Только теперь я понял, что мы стоим перед той самой дюной, до которой добрались вчера, двигаясь вдоль берега океана. Отсюда нас согнало видение двигающегося грунта за несколько секунд перед взрывом.
В то же мгновение я заметил среди потемневших от взрыва каменных обломков и осыпей кое-что другое, что приковало мое внимание. Я указал туда Гускину, который без слова взялся за управление.
Мы не могли ехать прямо туда. Не то, чтобы эти косогоры были преградой для летуна. Но тогда бы мы пересекли нить света, бьющую из оборванного канала. А этого нельзя было делать.
Широкой дугой, обогнув два-три бархана, лежащие непосредственно за местом взрыва, мы добрались до него с противоположной стороны.
— Такие, значит, дела… — пробормотал Гускин.
Мне он не уделил даже мимолетного взгляда.
У ваших ног лежали лохмотья — это было все, что осталось от живого существа. Не человека. И даже не животного, в земном понимании этого слова. Но это перестает быть важным в районах отдаленных звезд.
Мы отправили автоматы. Молча наблюдали за осторожными, словно бы ленивыми движениями их паучьих лапок.
Пост. Соединенный световодом с базой в горах. Ничто не передает так хорошо информацию, как свет.
Пост, от которого осталась закопченная яма в древней скале, разрушенный канал и это черный предмет, который автомат как раз тащил в багажную камеру летуна.

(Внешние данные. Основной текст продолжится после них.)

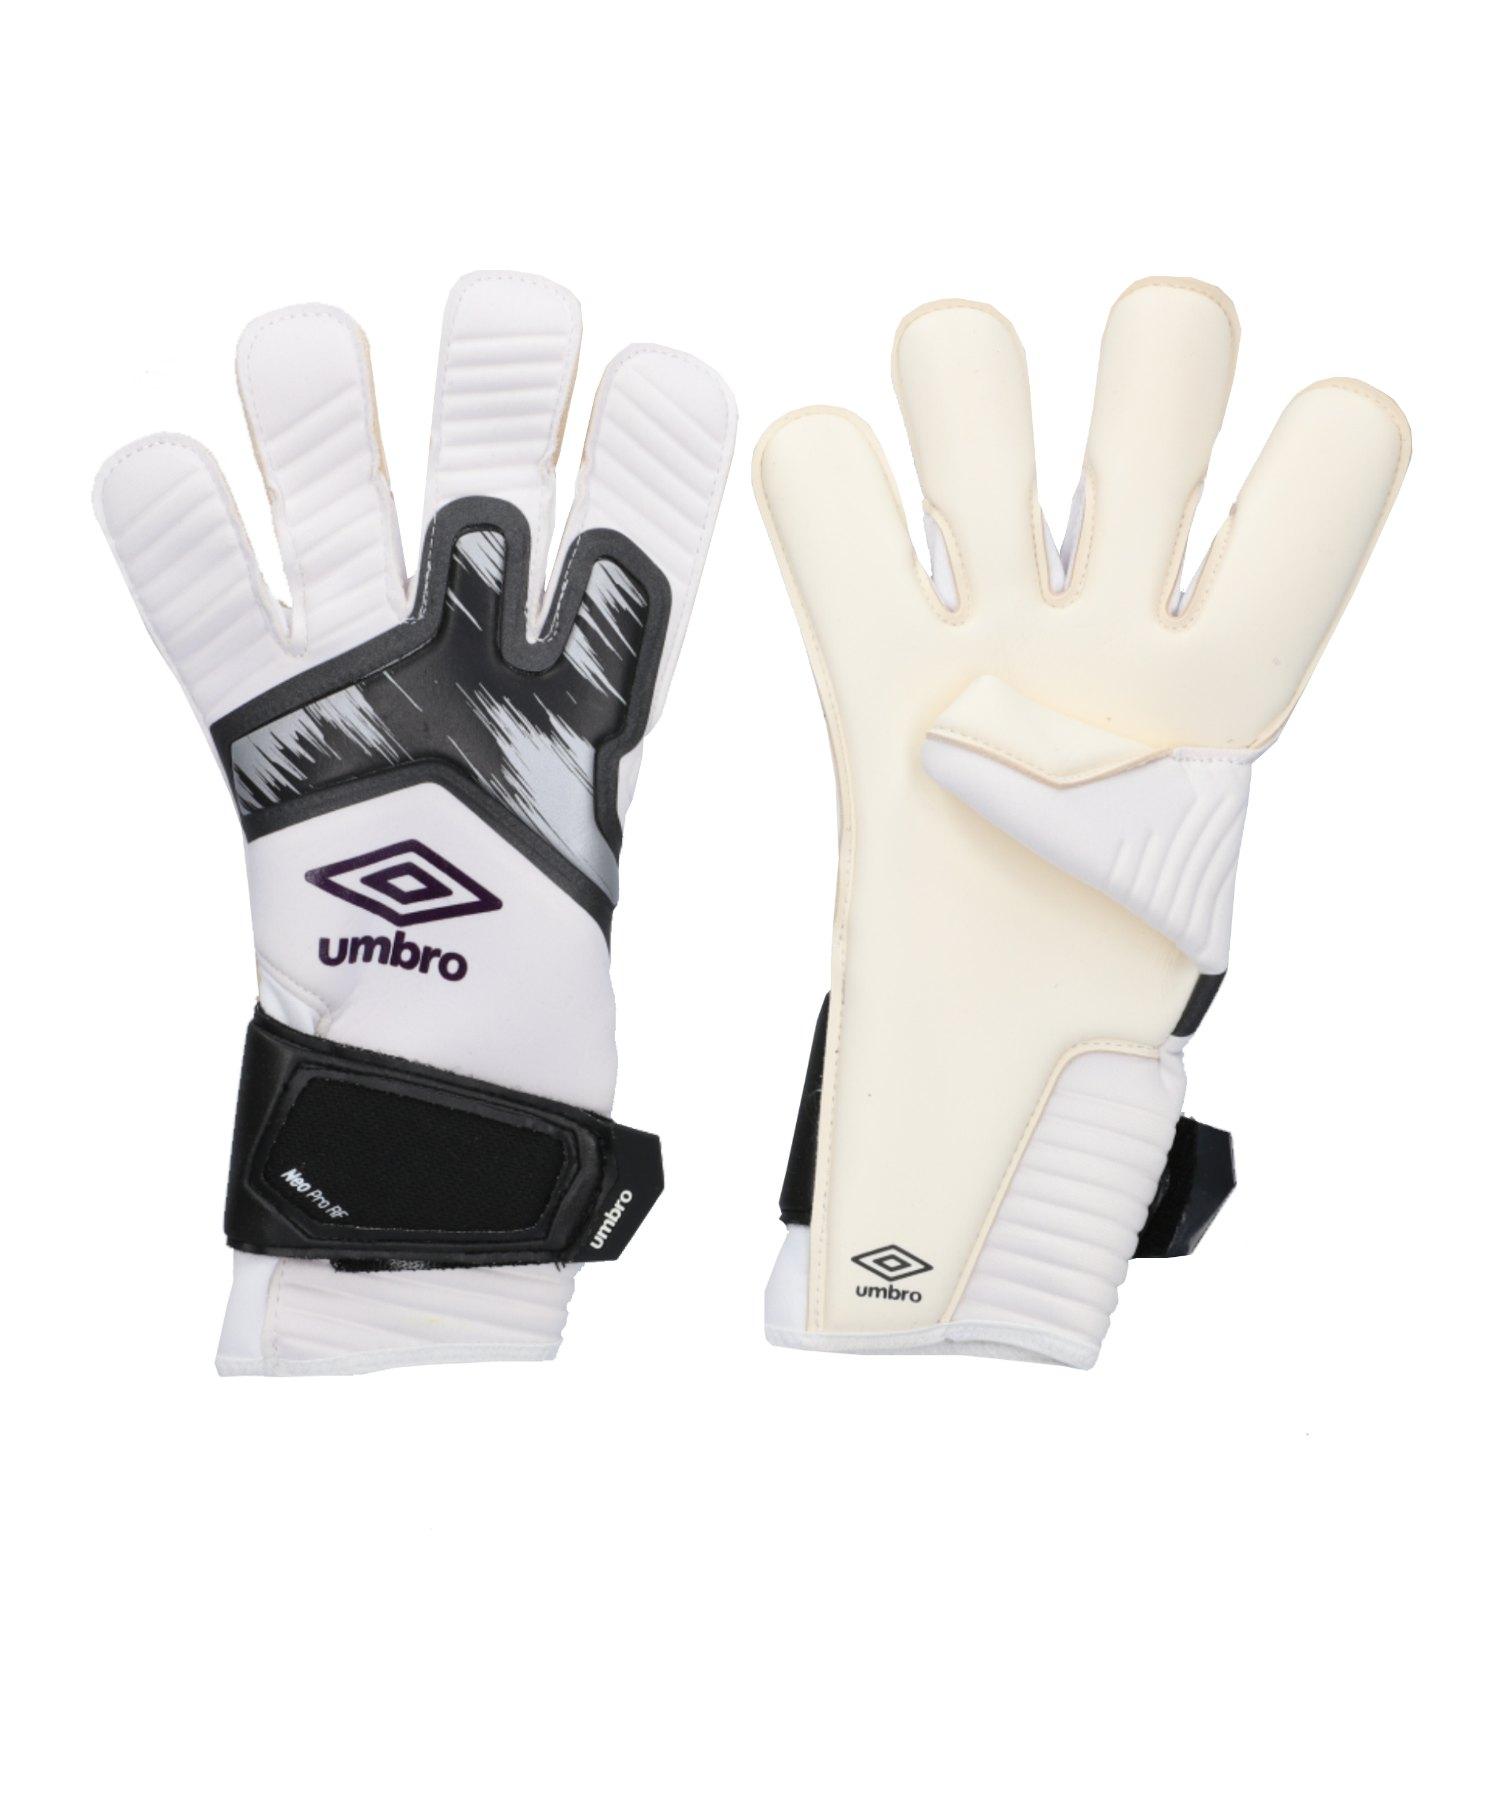 Umbro Neo Pro Rollfinger TW-Handschuh Weiss FHPQ - Weiss

Гус сказал «они». А не: «наши». Я понял это. Даже слишком хорошо понял. По-крайней мере, мне казалось, что я его понял.
Значит, все-таки световод. Это объясняло строение поля, маскирующего конструкцию сверху. И не только сверху. Так же и со всех направлений, в которых находились принимающие участие в игре стороны.
Я был прав. Это не мы являлись целью атаки, после которой прибрежная равнина подернулась плотной, не дающей дышать завесой. В любом случае — не одни мы.
Автоматы вернулись. Погас оранжевый огонек, говорящий, что люк открыт. На экране компьютера появились первые приблизительные данные.
Белок. Чего больше хотеть можно?
— Внимание, Гус! Внимание, Жиль! — неожиданно зазвучал напряженный голос Сеннисона. — Внимание, океан!
Может, это и к лучшему. Чтобы не оставалось времени на размышления.
Надо выбираться из этой впадины. Расширить поле зрения.
Заурчали двигатели. Внезапным рывком, который вдавил нас в кресла, летун выскочил на гребень ближайшей дюны. Едва я успел разглядеть черные в прибрежной полосе океане, как почувствовал, что кабина быстро поворачивается.
— Что там? — бросил я.
И в то же мгновение заметил бьющие из ближайшего горного хребта три косых столба дыма.
— Все по новой, — неохотно выдавил Гускин.
— Внимание, летун! — голос Сеннисона. — Океан!
Разворот башенки. Треугольник сухой почвы, глубоко вдающийся в море, между жидкими стенами, сдавленными карикатурно сокращающейся перспективой. И в самом центре — фигура человека.
— Вперед! — рявкнул я.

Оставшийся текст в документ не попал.